The embryonic development of the marine muricid Plicopurpura pansa (Gould, 1853) until hatching is described. Each female spawned about 150 egg capsules in a 10-week period. The egg showed spiral segmentation, followed by gastrulation through epiboly, the formation of a non-typical trochophore and veliger larva. The embryos fed on the egg yolk. Nurse eggs were not observed. In 13% of the egg capsules, different embryonic or larval stages of development were found in the same capsule. At 21-23°C the intracapsular development was completed with the hatching of planktotrophic veliger larvae after a period of 5 to 8 weeks.

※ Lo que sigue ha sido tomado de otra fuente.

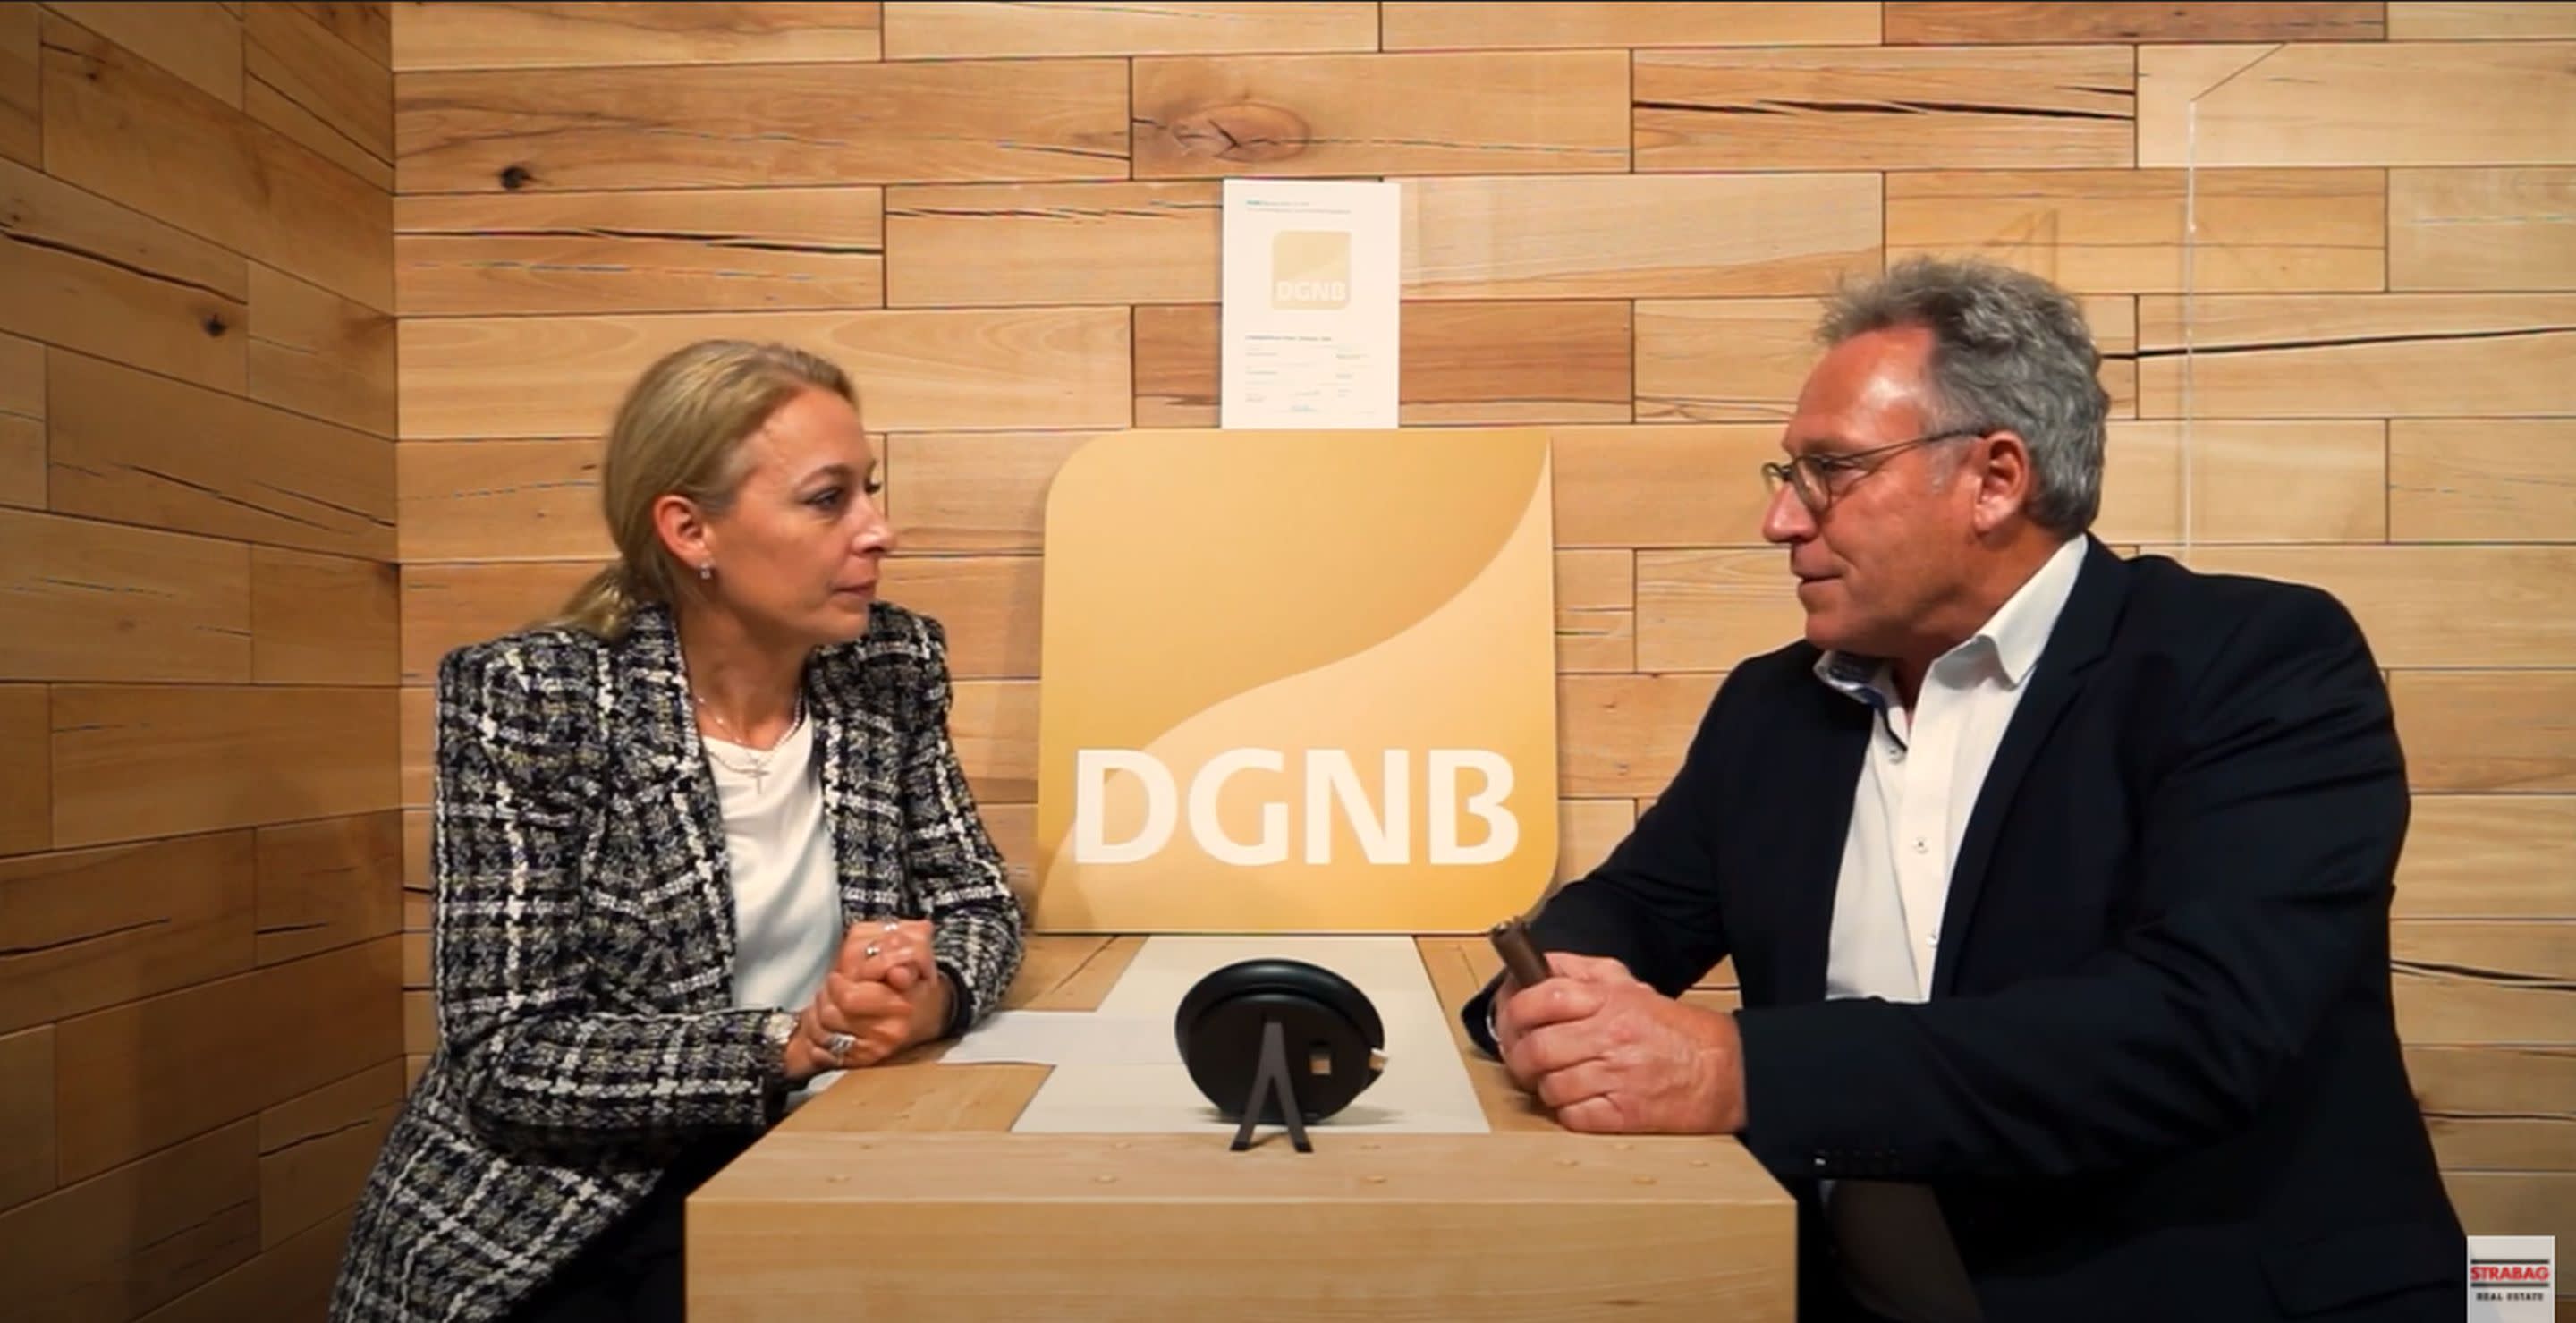 Bild: DGNB-Vorständin Frau Lemaitré im Interview mit SRE Technikchef Jörg Lin

Key words: gastropods, muricids, Plicopurpura pansa, embryogenesis, intracapsular development.

 

Introducción

El caracol marino púrpura Plicopurpura pansa (Gould, 1853), de acuerdo con Wellington y Kuris (1983) y Kool (1993) sinónimo de Purpura pansa (Gould, 1853), vive en playas rocosas intermareales expuestas a alto impacto de oleaje marino y en el Océano Pacífico se distribuye desde la costa noroeste de México (Baja California Sur) (Clench, 1947; Keen, 1971) hasta el norte de Perú (Peña, 1970; Paredes et al., 1999).

Desde la época prehispánica, la tinta de P. pansa ha sido explotada por los indígenas para teñir sus telas y vestidos tradicionales; sin embargo, esta tradición se ha mantenido sólo en algunas regiones del Pacífico mexicano (en los estados de Oaxaca y Michoacán) y en la comunidad de los Borucas en Costa Rica (Turok, 1999). Actualmente, en la búsqueda de colorantes naturales, la explotación comercial del caracol púrpura por su tinte purpura tiriano ha alcanzado niveles tales que su supervivencia se ha visto amenazada, por lo que el gobierno mexicano (Anónimo, 1988, 1994) declaró a P. pansa como una especie bajo protección especial.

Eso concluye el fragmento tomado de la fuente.